剣術兵団にはシーザ=ファルコムという、俺やアルバートと共にバーナード様の指導を受けていた男が団長を務めている。
絶対君主主義の考え方であり忠実、合理的な考え方しかできない頭の固いやつだが、剣術の腕は王国内で誰よりも強い。
そしてここが【弓道の間】なんだが、弓術の訓練という観点から一番施設の大きい訓練場だ、正直羨ましかったな。
施設が広いとはいえ全団員が射撃訓練できるほどの設備は整っていない、その為兵団設立時から務めている団長のレベッカ=リートンが施設策定の際、兵法を学ぶ教育施設の作成も依頼したそうだ。
白兵戦が主となる戦場で弓による戦術は戦局を大きく左右させる、女性でありながらレベッカ殿の戦術論には感服したものだ。
最後に【武闘の間】先ほど会ったエストとウリエルが所属し、臣下との顔合わせ時に驚いたが俺が入団した時の同僚でもあったイグノアも属している。
棒術兵団設立時にイグノアも騎馬兵団からの異動となったが、陛下の臣下にも引き抜きされていることは知らなかったからな。

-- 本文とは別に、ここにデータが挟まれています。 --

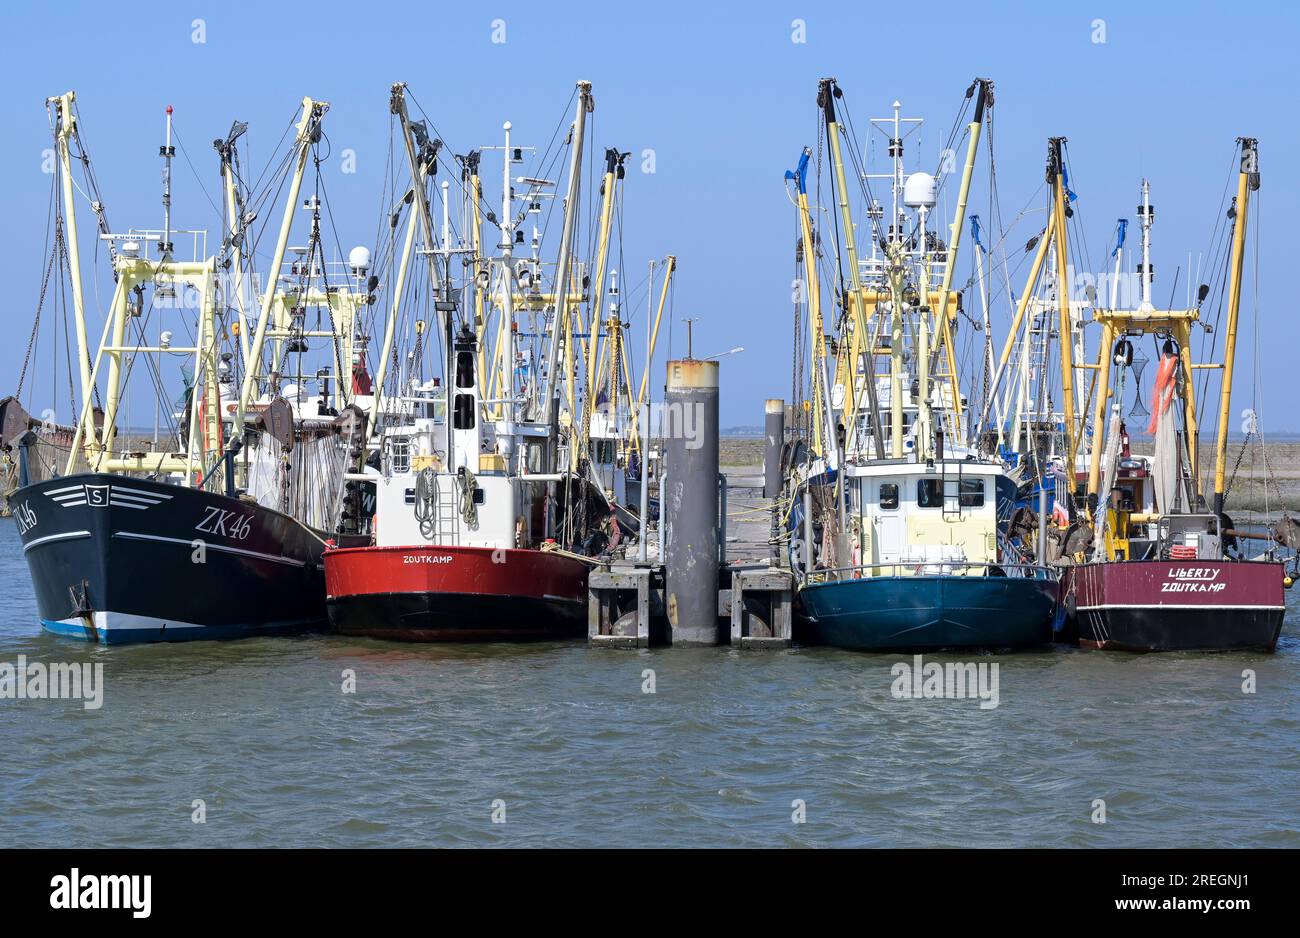 PAYS-BAS, port de Lauwersoog, bateaux de pêche au crabe dans le port / NIEDERLANDE, Lauwersoog, Krabbenfischer, Fischerboote im Hafen Banque D'Images

陛下の臣下五名は全員ここに属している、皆のまとめ役であるアリス殿と臣下の中で一番若いオルウェンは武術兵団、イグノア、ウリエル、エストが棒術兵団。
ちなみにティーポット事件により毒に倒れたのはオルウェンだった、本人は食いしん坊が災いしたと笑っていたな。
棒術・武術兵団は陛下が制定したこともあり人事も掌握しているとのことだ、武術兵団団長はウォレン=ハーケン、感じの良い屈強な男だ。
棒術兵団は弓術と同じく女性団長で、名をセシリア=ウェルトナー、槍術の腕を買われていたセシリア殿に陛下が活人の道を説き、感銘を受けて棒術兵団への異動を快諾したそうだ。
正午過ぎになり訓練も休憩に入る時間だ、訓練場の前でウリエルを待とうと入口に移動していると、間もなくセシリア殿が訓練場から出てきた。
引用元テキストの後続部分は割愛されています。